### [PROMPT]
Pull out every line below holding the word "Women".

### [Stored items]
★ ★ ★ ★ ★ ★ ★
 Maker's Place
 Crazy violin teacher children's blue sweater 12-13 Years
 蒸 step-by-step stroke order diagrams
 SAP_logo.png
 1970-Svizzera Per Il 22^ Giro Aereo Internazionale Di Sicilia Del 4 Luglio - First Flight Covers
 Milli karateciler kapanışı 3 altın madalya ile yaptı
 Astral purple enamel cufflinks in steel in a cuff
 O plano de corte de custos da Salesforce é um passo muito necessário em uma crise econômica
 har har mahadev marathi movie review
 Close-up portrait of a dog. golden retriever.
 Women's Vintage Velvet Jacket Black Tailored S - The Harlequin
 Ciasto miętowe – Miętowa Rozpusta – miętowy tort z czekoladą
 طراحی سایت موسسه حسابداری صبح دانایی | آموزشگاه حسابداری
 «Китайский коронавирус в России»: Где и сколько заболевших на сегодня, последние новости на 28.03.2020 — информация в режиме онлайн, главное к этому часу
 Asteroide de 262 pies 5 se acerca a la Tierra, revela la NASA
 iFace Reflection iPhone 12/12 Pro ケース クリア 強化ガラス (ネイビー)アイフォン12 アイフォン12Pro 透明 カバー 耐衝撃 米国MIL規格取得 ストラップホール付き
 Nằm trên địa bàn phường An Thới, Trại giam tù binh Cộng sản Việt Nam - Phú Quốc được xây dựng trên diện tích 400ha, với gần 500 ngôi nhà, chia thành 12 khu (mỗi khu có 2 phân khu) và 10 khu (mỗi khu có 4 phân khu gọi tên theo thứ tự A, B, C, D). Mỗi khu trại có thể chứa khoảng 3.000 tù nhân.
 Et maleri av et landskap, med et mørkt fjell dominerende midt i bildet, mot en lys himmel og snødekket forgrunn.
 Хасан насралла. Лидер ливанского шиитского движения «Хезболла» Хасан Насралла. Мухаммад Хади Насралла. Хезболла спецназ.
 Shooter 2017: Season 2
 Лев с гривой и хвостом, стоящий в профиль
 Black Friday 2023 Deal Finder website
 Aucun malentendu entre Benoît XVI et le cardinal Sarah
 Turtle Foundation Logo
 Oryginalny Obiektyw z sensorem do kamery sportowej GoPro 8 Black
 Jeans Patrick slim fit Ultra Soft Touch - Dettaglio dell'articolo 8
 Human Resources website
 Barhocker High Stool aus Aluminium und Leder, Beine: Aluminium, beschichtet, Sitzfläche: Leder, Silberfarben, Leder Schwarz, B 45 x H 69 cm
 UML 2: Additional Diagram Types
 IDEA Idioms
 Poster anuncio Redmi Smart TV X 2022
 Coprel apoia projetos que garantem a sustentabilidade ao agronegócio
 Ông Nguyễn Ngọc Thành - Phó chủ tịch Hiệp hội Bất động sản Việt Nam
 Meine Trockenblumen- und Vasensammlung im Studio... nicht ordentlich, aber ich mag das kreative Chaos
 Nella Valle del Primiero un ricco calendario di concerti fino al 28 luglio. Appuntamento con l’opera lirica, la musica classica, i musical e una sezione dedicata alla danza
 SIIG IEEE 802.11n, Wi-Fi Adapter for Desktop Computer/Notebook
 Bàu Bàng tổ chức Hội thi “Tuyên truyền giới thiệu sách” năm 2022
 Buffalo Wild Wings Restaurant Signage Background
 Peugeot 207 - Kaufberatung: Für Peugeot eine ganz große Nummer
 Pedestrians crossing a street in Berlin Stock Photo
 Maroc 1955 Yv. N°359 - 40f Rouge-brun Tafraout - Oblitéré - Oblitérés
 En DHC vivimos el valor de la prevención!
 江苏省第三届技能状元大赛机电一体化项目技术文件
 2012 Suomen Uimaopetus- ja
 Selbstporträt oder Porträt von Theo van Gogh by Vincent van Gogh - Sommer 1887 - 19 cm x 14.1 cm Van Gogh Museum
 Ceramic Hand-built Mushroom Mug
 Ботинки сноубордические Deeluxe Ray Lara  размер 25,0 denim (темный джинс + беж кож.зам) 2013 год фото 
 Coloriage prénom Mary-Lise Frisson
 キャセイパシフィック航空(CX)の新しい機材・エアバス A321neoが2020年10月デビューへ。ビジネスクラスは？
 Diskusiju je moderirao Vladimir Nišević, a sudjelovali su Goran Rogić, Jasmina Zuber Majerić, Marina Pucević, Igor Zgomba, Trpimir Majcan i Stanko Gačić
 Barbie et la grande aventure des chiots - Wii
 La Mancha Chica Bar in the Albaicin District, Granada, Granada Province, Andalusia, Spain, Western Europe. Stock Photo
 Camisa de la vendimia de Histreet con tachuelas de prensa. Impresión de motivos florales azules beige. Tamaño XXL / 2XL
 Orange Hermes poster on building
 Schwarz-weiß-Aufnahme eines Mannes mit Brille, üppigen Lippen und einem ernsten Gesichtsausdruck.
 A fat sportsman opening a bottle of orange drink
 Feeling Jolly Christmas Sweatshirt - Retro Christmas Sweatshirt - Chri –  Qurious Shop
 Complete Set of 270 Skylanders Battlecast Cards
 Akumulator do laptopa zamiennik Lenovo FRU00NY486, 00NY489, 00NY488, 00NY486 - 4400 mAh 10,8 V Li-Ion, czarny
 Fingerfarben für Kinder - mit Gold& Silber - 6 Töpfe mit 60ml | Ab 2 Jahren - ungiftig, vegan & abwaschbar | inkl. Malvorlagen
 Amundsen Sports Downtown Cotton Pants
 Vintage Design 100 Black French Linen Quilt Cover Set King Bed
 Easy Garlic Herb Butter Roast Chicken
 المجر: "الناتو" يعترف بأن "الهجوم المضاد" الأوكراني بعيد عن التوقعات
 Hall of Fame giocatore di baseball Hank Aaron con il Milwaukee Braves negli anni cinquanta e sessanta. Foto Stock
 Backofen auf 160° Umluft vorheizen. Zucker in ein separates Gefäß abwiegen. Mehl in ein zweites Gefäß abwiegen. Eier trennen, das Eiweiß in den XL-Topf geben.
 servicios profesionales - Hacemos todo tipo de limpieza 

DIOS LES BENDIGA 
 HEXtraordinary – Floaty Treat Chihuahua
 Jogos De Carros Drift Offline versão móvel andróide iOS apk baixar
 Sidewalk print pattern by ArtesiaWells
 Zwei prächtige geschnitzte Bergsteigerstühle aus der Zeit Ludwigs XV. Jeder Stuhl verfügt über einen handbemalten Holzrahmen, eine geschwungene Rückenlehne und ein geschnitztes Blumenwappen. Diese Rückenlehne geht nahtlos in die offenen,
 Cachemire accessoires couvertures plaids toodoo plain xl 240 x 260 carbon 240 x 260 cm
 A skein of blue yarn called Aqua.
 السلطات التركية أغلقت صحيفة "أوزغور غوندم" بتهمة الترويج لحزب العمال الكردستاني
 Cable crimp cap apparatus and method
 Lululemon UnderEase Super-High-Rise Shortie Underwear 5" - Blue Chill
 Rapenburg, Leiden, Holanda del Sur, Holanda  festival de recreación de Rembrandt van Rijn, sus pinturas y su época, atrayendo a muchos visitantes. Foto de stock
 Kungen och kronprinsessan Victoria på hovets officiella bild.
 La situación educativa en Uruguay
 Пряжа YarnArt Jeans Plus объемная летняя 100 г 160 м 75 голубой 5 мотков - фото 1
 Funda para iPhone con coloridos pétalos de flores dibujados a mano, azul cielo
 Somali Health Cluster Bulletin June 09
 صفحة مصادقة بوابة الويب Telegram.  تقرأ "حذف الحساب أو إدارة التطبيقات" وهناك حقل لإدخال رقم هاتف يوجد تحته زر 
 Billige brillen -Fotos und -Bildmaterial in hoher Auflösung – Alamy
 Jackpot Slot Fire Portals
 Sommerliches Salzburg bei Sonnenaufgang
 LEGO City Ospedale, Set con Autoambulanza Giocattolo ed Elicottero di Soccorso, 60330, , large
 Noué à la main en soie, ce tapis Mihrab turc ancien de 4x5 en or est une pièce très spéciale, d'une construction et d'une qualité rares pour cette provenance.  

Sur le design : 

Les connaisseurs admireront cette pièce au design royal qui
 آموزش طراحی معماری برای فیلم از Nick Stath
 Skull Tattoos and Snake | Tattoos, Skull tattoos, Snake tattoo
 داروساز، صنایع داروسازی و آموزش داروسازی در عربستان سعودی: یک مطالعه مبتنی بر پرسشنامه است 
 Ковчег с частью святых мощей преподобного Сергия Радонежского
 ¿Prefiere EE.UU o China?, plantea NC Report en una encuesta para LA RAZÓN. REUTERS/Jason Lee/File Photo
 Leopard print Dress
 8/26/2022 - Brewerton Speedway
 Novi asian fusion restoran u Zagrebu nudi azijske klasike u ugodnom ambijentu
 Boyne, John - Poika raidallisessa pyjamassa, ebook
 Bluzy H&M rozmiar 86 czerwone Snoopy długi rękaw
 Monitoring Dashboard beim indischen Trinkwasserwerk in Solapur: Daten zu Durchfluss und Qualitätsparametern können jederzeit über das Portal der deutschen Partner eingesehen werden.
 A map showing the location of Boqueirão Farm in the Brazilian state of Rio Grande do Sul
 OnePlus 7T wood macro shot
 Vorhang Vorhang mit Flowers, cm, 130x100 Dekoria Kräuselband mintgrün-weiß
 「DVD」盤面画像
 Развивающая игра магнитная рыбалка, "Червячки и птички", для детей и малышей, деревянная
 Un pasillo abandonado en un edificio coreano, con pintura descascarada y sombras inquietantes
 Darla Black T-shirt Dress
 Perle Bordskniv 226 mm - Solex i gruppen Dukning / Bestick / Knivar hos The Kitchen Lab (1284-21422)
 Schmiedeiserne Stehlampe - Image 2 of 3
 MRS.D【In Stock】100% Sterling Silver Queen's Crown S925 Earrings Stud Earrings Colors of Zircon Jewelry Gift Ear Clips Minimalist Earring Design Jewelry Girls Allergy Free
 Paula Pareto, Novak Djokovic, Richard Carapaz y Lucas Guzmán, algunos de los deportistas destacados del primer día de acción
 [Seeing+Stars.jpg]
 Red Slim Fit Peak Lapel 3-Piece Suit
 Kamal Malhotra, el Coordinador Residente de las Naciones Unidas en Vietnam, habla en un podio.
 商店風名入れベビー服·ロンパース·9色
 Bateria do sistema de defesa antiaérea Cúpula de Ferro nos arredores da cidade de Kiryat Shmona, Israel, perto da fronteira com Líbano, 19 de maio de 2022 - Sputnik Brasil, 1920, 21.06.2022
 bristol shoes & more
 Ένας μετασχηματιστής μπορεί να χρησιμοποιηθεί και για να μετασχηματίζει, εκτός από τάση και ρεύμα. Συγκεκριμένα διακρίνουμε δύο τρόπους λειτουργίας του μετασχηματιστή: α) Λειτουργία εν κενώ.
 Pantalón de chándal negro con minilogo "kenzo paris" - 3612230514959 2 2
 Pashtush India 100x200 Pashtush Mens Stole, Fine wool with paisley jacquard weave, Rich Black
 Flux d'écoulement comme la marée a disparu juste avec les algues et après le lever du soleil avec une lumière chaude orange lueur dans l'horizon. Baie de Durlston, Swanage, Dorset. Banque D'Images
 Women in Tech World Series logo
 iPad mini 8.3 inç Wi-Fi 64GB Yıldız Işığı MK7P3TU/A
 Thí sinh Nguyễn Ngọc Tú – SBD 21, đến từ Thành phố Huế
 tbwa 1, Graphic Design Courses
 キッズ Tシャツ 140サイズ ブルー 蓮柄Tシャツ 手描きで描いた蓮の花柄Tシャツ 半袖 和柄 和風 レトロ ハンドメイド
★ ★ ★ ★ ★ ★ ★
### [EXERCISE RESULT]
 Women's Vintage Velvet Jacket Black Tailored S - The Harlequin
 Women in Tech World Series logo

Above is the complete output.